12:05:32 Some module may need to rebuild instead e.g. with 'pybind11>=2.12'.
12:05:32
12:05:32 If you are a user of the module, the easiest solution will be to
12:05:32 downgrade to 'numpy<2' or try to upgrade the affected module.

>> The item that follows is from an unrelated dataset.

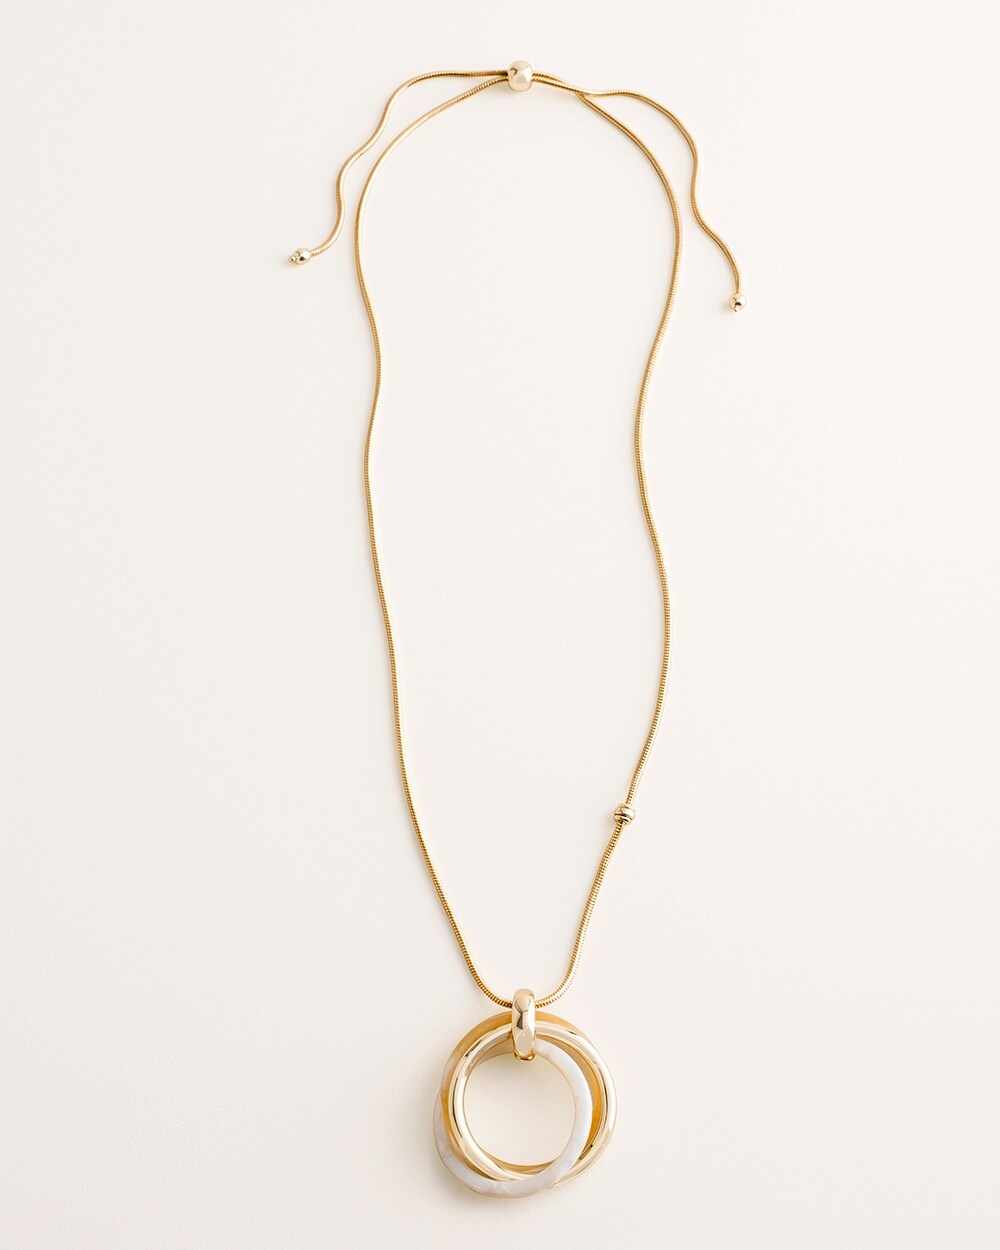 Convertible Goldtone and Neutral Circlet Pendant Necklace

12:05:32 We expect that some modules will need time to support NumPy 2.
12:05:32
12:05:32 Traceback (most recent call last): File "/var/lib/jenkins/workspace/ledge-graph-hub_kg-phenio_master/gitrepo/run.py", line 5, in <module>
12:05:32 from kg_phenio import download as kg_download
12:05:32 File "/var/lib/jenkins/workspace/ledge-graph-hub_kg-phenio_master/gitrepo/kg_phenio/__init__.py", line 3, in <module>
12:05:32 from .transform import transform
12:05:32 File "/var/lib/jenkins/workspace/ledge-graph-hub_kg-phenio_master/gitrepo/kg_phenio/transform.py", line 5, in <module>
12:05:32 from kg_phenio.transform_utils.phenio.phenio_transform import PhenioTransform
12:05:32 File "/var/lib/jenkins/workspace/ledge-graph-hub_kg-phenio_master/gitrepo/kg_phenio/transform_utils/phenio/__init__.py", line 2, in <module>
12:05:32 from .phenio_transform import PhenioTransform
12:05:32 File "/var/lib/jenkins/workspace/ledge-graph-hub_kg-phenio_master/gitrepo/kg_phenio/transform_utils/phenio/phenio_transform.py", line 8, in <module>
12:05:32 from kgx.cli.cli_utils import transform # type: ignore
12:05:32 File "/var/lib/jenkins/workspace/ledge-graph-hub_kg-phenio_master/gitrepo/venv/lib/python3.9/site-packages/kgx/cli/__init__.py", line 7, in <module>
12:05:32 from kgx.cli.cli_utils import (
12:05:32 File "/var/lib/jenkins/workspace/ledge-graph-hub_kg-phenio_master/gitrepo/venv/lib/python3.9/site-packages/kgx/cli/cli_utils.py", line 11, in <module>
12:05:32 from kgx.validator import Validator
12:05:32 File "/var/lib/jenkins/workspace/ledge-graph-hub_kg-phenio_master/gitrepo/venv/lib/python3.9/site-packages/kgx/validator.py", line 14, in <module>
12:05:32 from kgx.utils.kgx_utils import (
12:05:32 File "/var/lib/jenkins/workspace/ledge-graph-hub_kg-phenio_master/gitrepo/venv/lib/python3.9/site-packages/kgx/utils/kgx_utils.py", line 22, in <module>
12:05:32 import pandas as pd
12:05:32 File "/var/lib/jenkins/workspace/ledge-graph-hub_kg-phenio_master/gitrepo/venv/lib/python3.9/site-packages/pandas/__init__.py", line 26, in <module>
12:05:32 from pandas.compat import (
12:05:32 File "/var/lib/jenkins/workspace/ledge-graph-hub_kg-phenio_master/gitrepo/venv/lib/python3.9/site-packages/pandas/compat/__init__.py", line 27, in <module>
12:05:32 from pandas.compat.pyarrow import (
12:05:32 File "/var/lib/jenkins/workspace/ledge-graph-hub_kg-phenio_master/gitrepo/venv/lib/python3.9/site-packages/pandas/compat/pyarrow.py", line 8, in <module>
12:05:32 import pyarrow as pa
12:05:32 File "/var/lib/jenkins/workspace/ledge-graph-hub_kg-phenio_master/gitrepo/venv/lib/python3.9/site-packages/pyarrow/__init__.py", line 65, in <module>
12:05:32 import pyarrow.lib as _lib
12:05:32 AttributeError: _ARRAY_API not found
12:05:32
12:05:32 A module that was compiled using NumPy 1.x cannot be run in
12:05:32 NumPy 2.0.2 as it may crash. To support both 1.x and 2.x
12:05:32 versions of NumPy, modules must be compiled with NumPy 2.0.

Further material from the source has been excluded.